Section 2. In this section, we conduct a typical single-cell RNA-seq analysis using real-world data characterizing the human immune response to SARS-CoV-2 infection (Wilk et al. 2020). The data contain single cells obtained from healthy and infected donors. Additionally, we provide a subset of GO terms along with their associated genes.

The analysis then follows four steps:

Report the number of genes detected in each cell as well as the number of cells each gene was detected in. Based on their distributions, determine filtering thresholds for cells and genes.
Perform counts-per-million library-size normalization to account for sequencing depth and log normalization for variance stabilization.
Identify genes that are differentially expressed between healthy and infected donors. Perform comparisons between genes using the t-test followed by the Benjamini–Hochberg false discovery rate (FDR) correction to account for multiple comparisons. Compute gene log-fold changes and plot your results in a volcano plot.
Having obtained a list of differentially expressed genes, we next perform gene enrichment analysis, which may help us make sense of the genetic programs activated by the infection. Based on the list of differentially expressed genes, use the hypergeometric test to identify enriched GO terms. Inspect the identified GO terms and determine their relevance to the SARS-CoV-2 infection.

3.5.3 Bonus problems

The differential expression analysis we performed above is one of the most common types of tasks in gene expression data analysis. However, gene expression data can be used in a myriad of other ways. For instance, one common task is the characterization of different cell types. These kinds of analyses typically involve dimensionality reduction, clustering, and visualization. In this exercise, we will use the scanpy Python library (Wolf et al. 2018). This exercise walks through these four different steps:

Run principal component analysis (Jolliffe 2002) on the gene expression matrix and extract the top 50 principal components. Visualize the first two components in a scatter plot.
Identify characteristic subpopulations of cells using a graph-based clustering algorithm of your choice.
Use t-distributed stochastic neighbor embedding (t-SNE) (Van der Maaten and Hinton 2008) or Uniform Manifold Approximation and Projection (UMAP) (McInnes et al. 2018) to construct a visualization of the data. Color the data points based on their cluster membership.
As before, perform differential expression analysis, this time finding differences between the different clusters of cells. Create a scatter plot of the t-SNE/UMAP embedding, this time coloring points according to the expression levels of the most highly differentially expressed genes.

3.5.4 Summary

In the final exercise, we examine the impact of SARS-CoV-2 on the human body through the lens of gene expression data. First, students learn to construct gene expression matrices from synthetic reads, giving them a thorough understanding of this data modality. We then move on to a realistic example, where students follow the typical steps in a single-cell RNA-seq analysis. Through their analysis, students observe that infected individuals have a heightened immune response compared to their healthy counterparts. By experimenting with the protocol parameters, students discover that minor changes in the analysis parameters can result in different analysis results and findings. This underscores the importance of critically evaluating computational findings and the need for experimental validation.

4 Student evaluation

To evaluate the success of our course, we asked students to complete short, anonymous surveys after completing each of the five homework assignments. We report student participation rates in Table 1. We asked about each assignment’s interestingness, difficulty, time required to complete, clarity of instructions, and any suggestions for improvement for future homework assignments. Students also rated the complete set of assignments on these dimensions at the end of the course.

Table 1.

We collected anonymous feedback from the 110 enrolled students attending the 2023/24 iteration of the course.^a

HW1	HW2	HW3	HW4	HW5	Final
67	47	45	40	34	34

Open in a new tab

We here report the number of students who provided feedback for surveys corresponding to each of the five homework assignments, as well as the final course feedback survey.

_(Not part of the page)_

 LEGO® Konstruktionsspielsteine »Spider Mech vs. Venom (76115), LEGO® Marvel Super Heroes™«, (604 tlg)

Figure 5 summarizes student feedback. For each of the three reported plots, we use the Kruskal–Wallis test to determine if there are significant differences between the independent groups, followed by Dunn’s post hoc test with FDR correction for multiple comparisons to identify specific pairs of groups with statistically significant differences in their ratings. Below, we report only those differences where $p < 0.05$ .

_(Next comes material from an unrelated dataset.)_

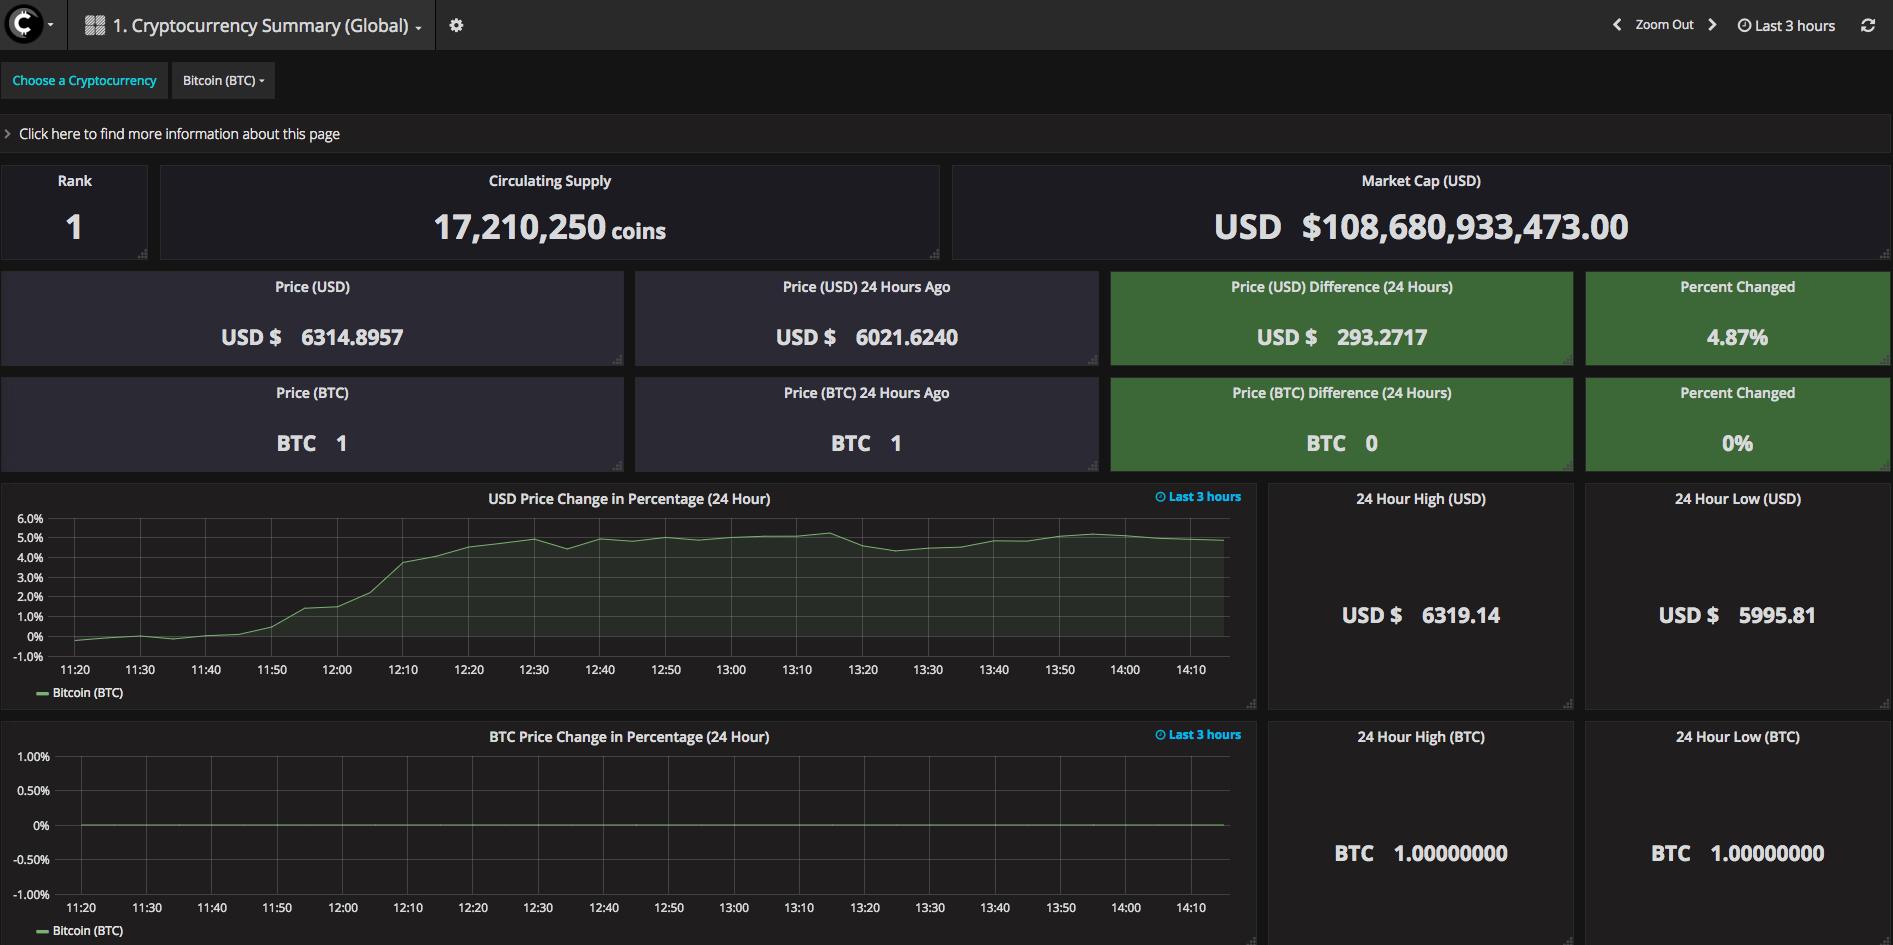 Cryptocurrency Summary Dashboard

Figure 5a shows that students overwhelmingly found the assignments interesting. This confirms the many positive comments we received in the unstructured part of the feedback surveys. Of the assignments, students found the last assignment the least interesting. These ratings are largely consistent with the final rankings assigned to each assignment at the end of the course, where students assigned higher rankings to Assignments 4 and 3 with average final rankings of 3.8 and 3.5, respectively, and lower rankings to Assignments 1, 2, and 5 with average final rankings of 2.7, 2.7, and 2.3, respectively. Interestingly, students rated Assignments 1 and 2 highly upon completion but ranked them lower than Assignments 3 and 4 at the end of the course.

Figure 5b shows that, on average, students found the problems somewhat challenging. The difficulty of the problems may correlate with the algorithmic complexity of the tasks. For example, students rated Assignment 3 as the most difficult. This assignment requires students to implement the neighbor-joining algorithm, which is perhaps the most algorithmically challenging of the programming tasks. Several students reported struggling with its implementation in the unstructured feedback. Conversely, the fourth assignment, which requires very little algorithmic programming, was rated as easier than Assignments 1 and 3. These ratings are largely consistent with the final rankings assigned to each assignment at the end of the course, where students ranked Assignment 4 as the easiest with an average final ranking 2.4, Assignments 1, 2, and 5 as similarly difficult with average final rankings 3, 2.8, and 2.9, respectively, and Assignment 3 as the most difficult of all with an average final ranking of 3.9.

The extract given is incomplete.